■ What you need to do ■
The listing, minus its pictures, is to be given again exactly.

■ Provided data ■

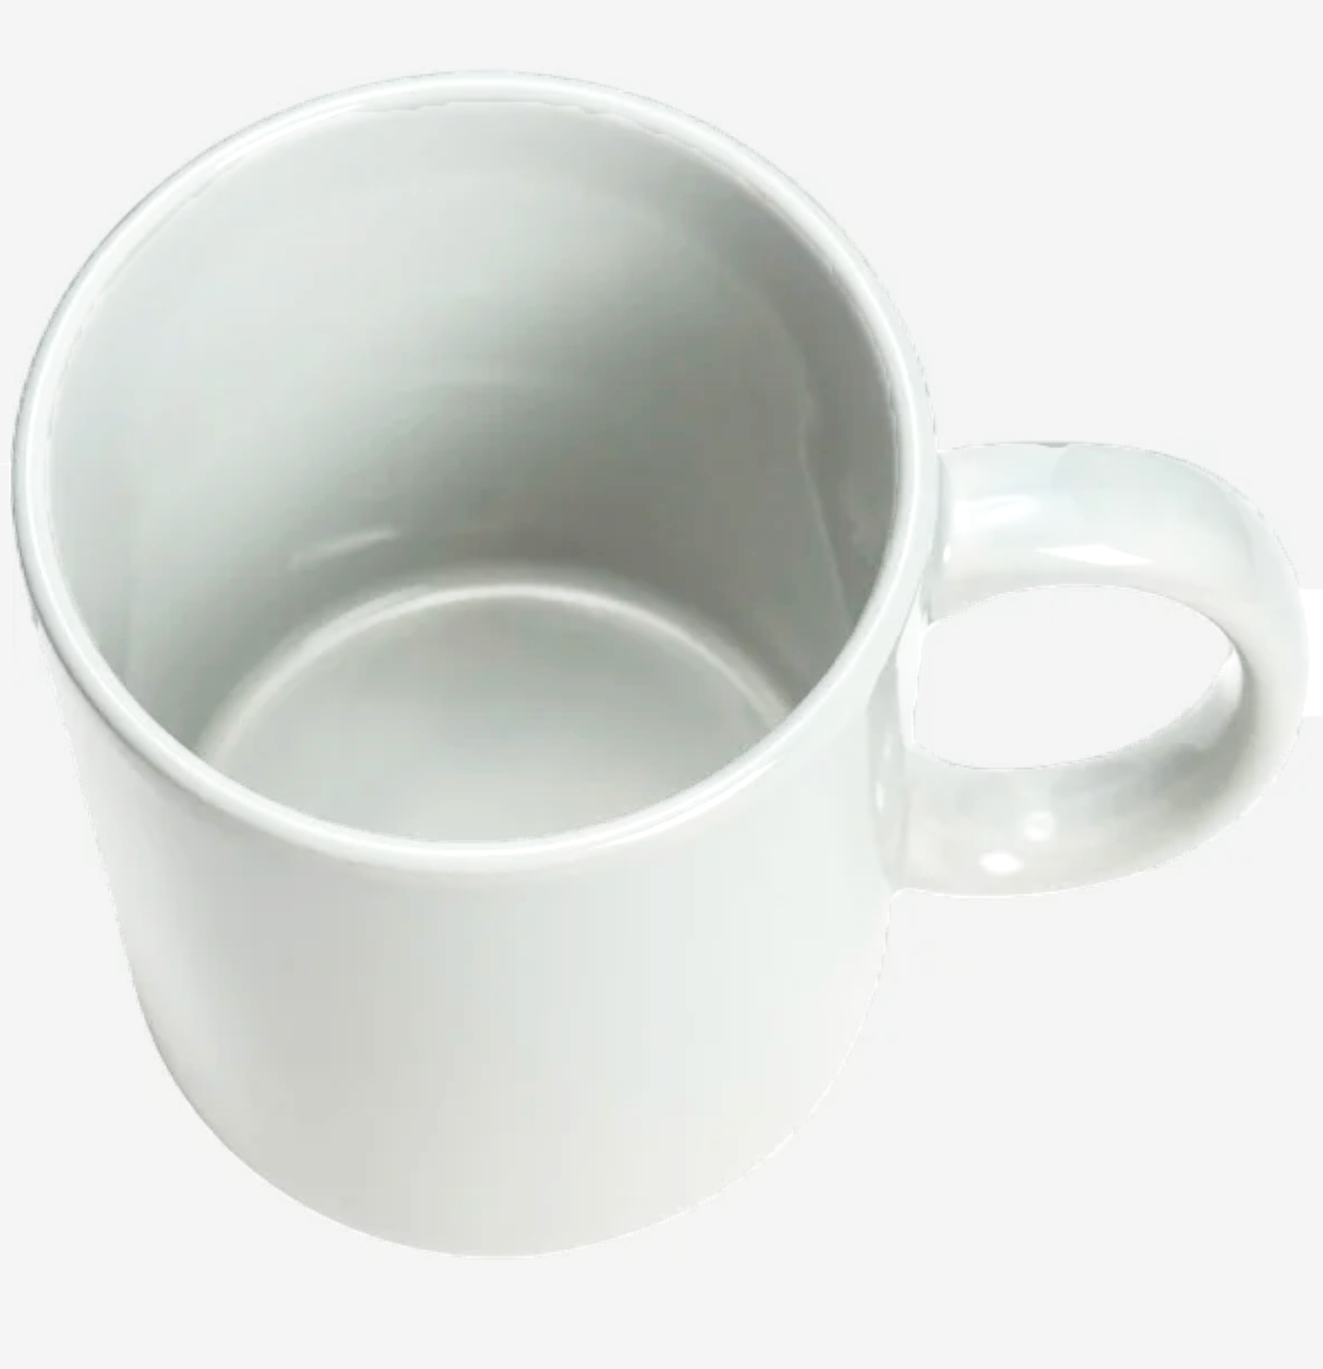 I Hope Everyone Enjoys Their Thanksgiving (White) - 11oz Mug
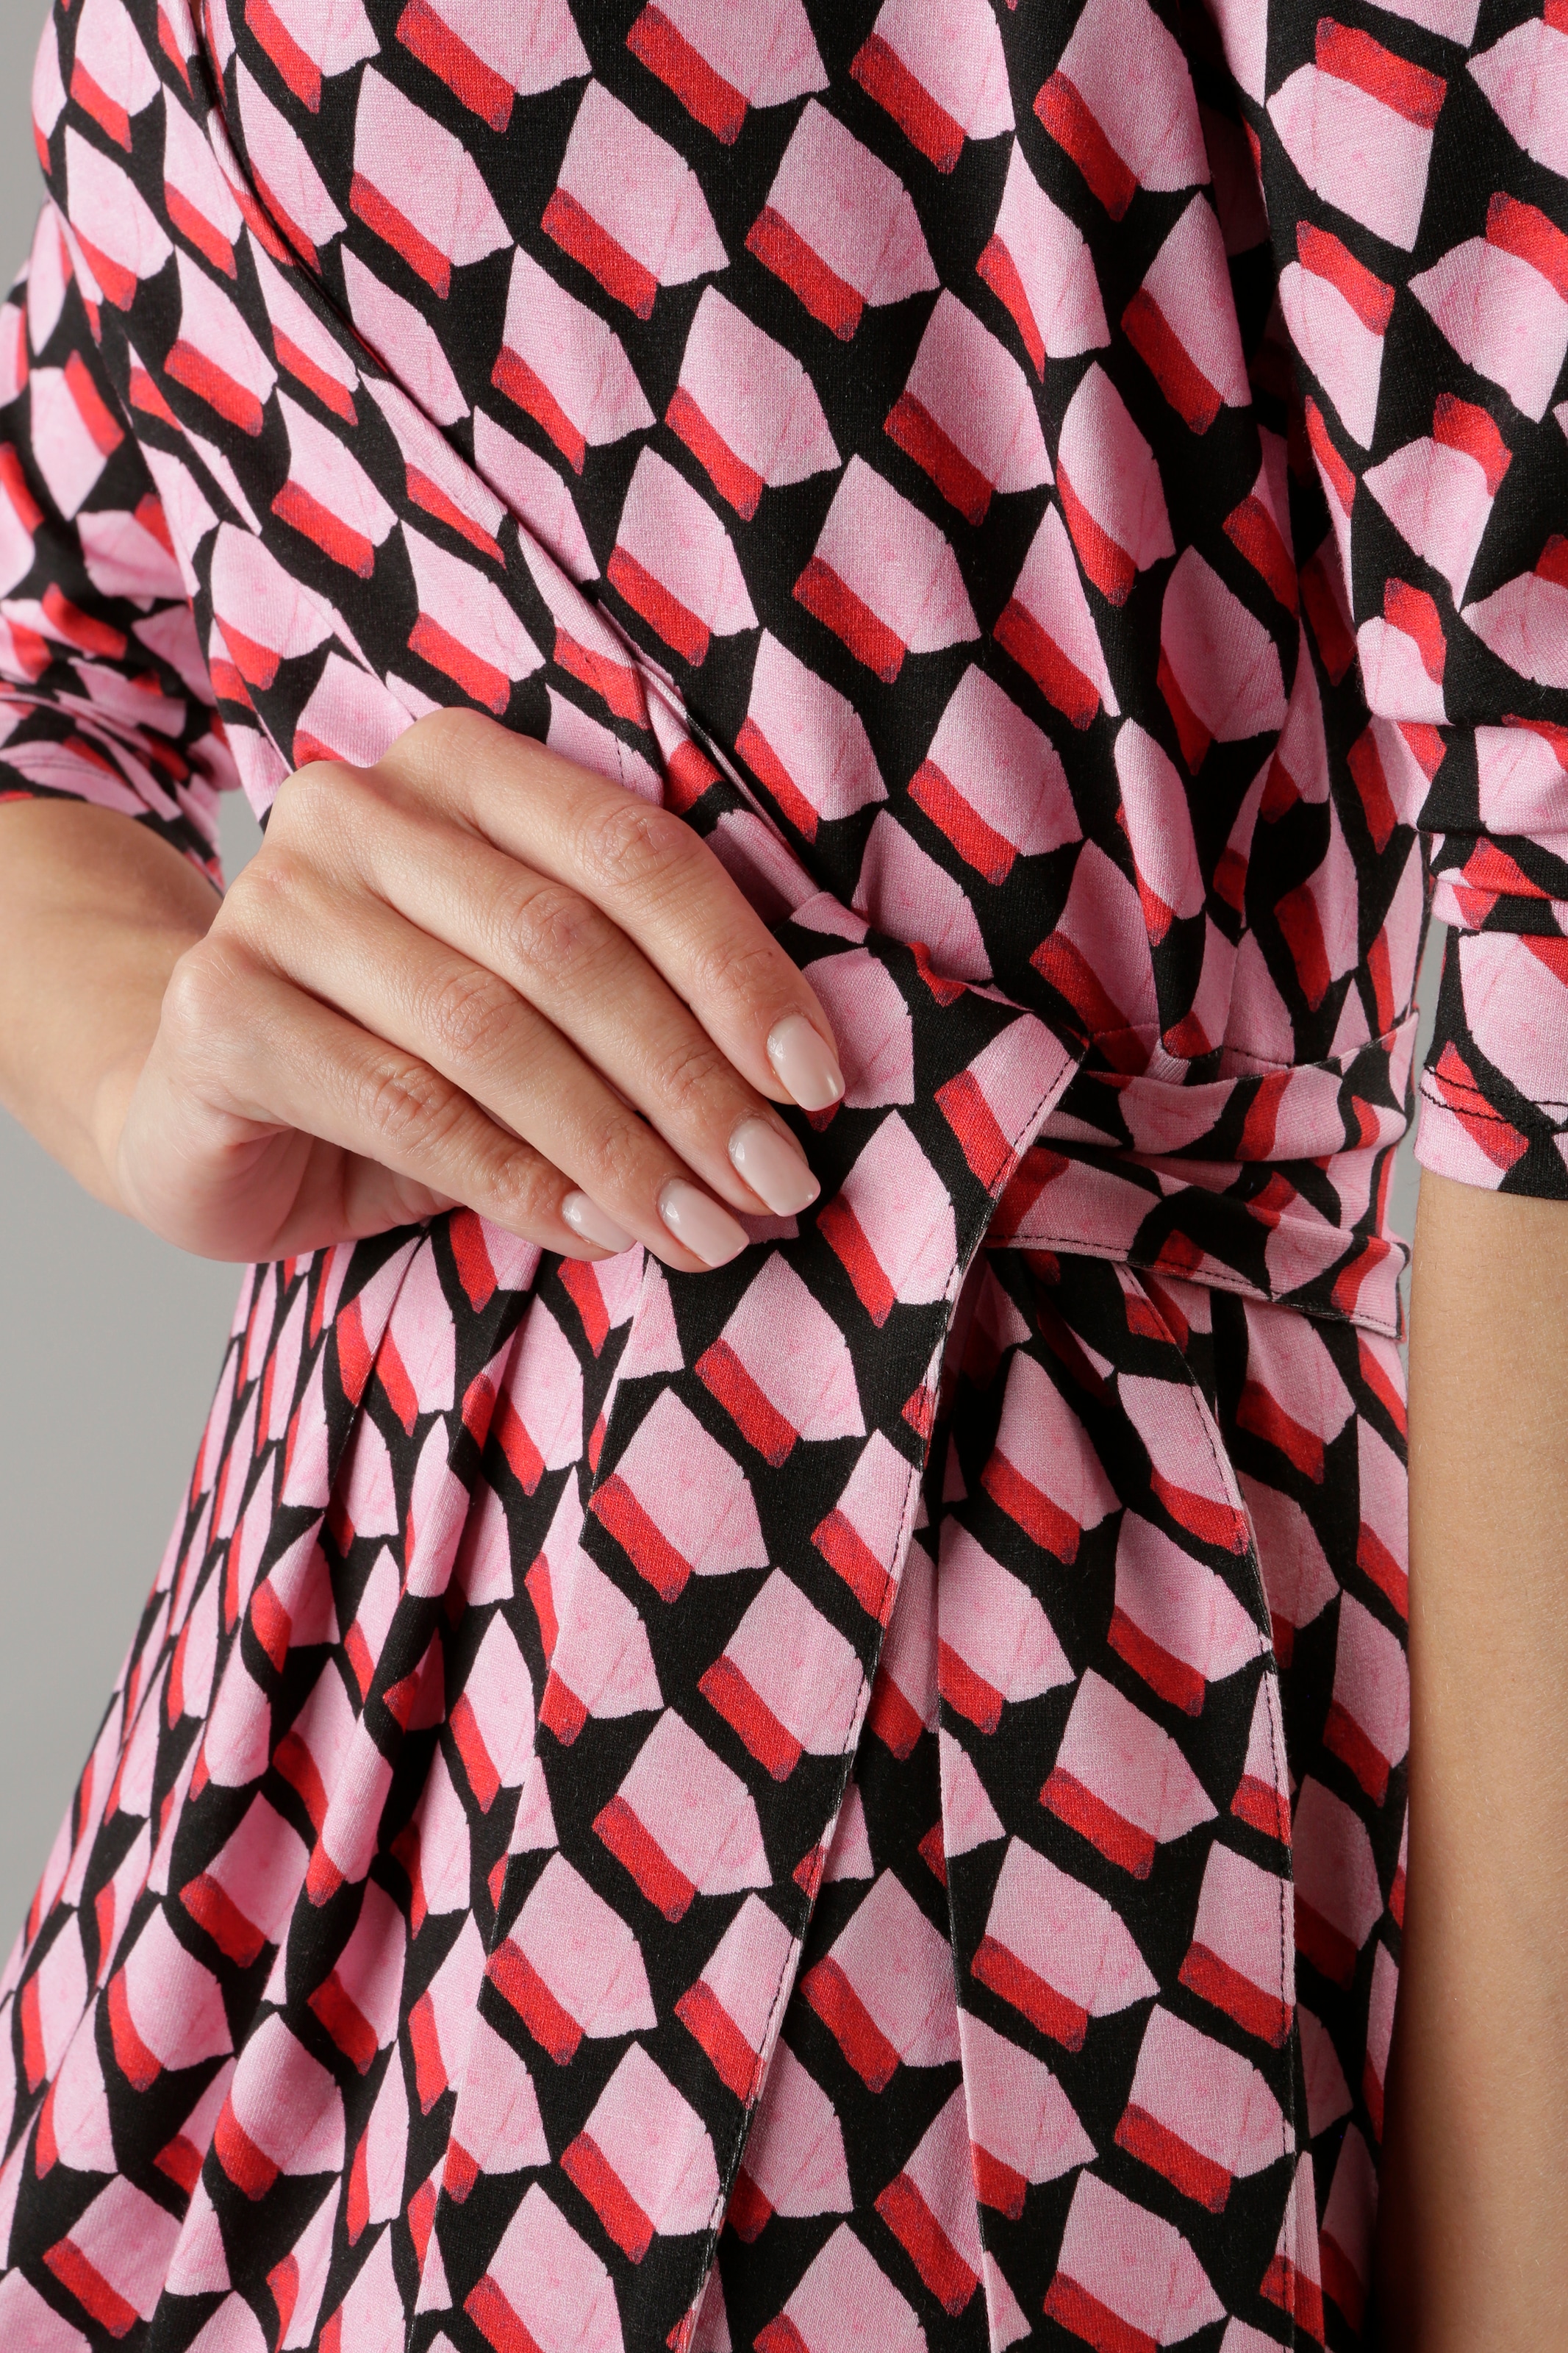 Aniston SELECTED OTTOversand bei Wickeloptik und in Allover-Muster Ausschnitt mit Jerseykleid
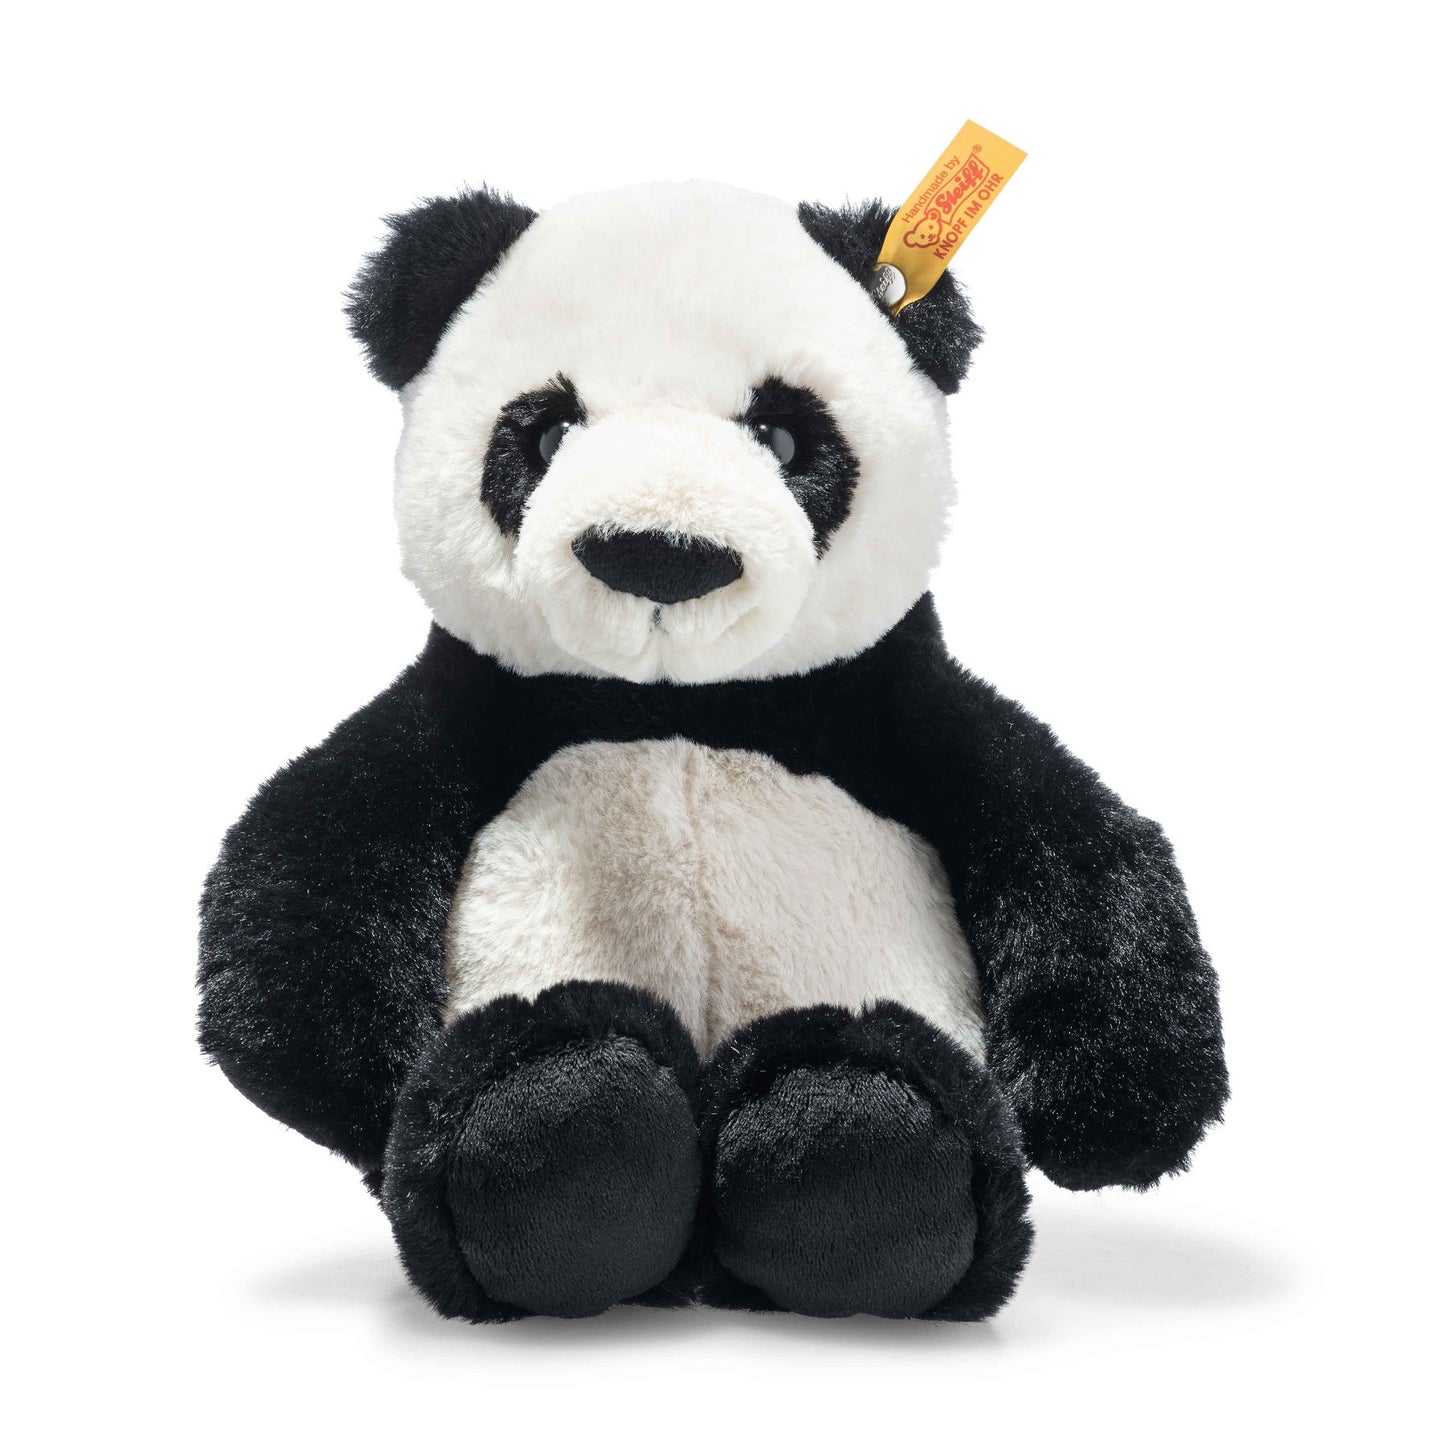 Steiff Ming Panda

■ Output of the task ■
 I Hope Everyone Enjoys Their Thanksgiving (White) - 11oz Mug
 Aniston SELECTED OTTOversand bei Wickeloptik und in Allover-Muster Ausschnitt mit Jerseykleid
 Steiff Ming Panda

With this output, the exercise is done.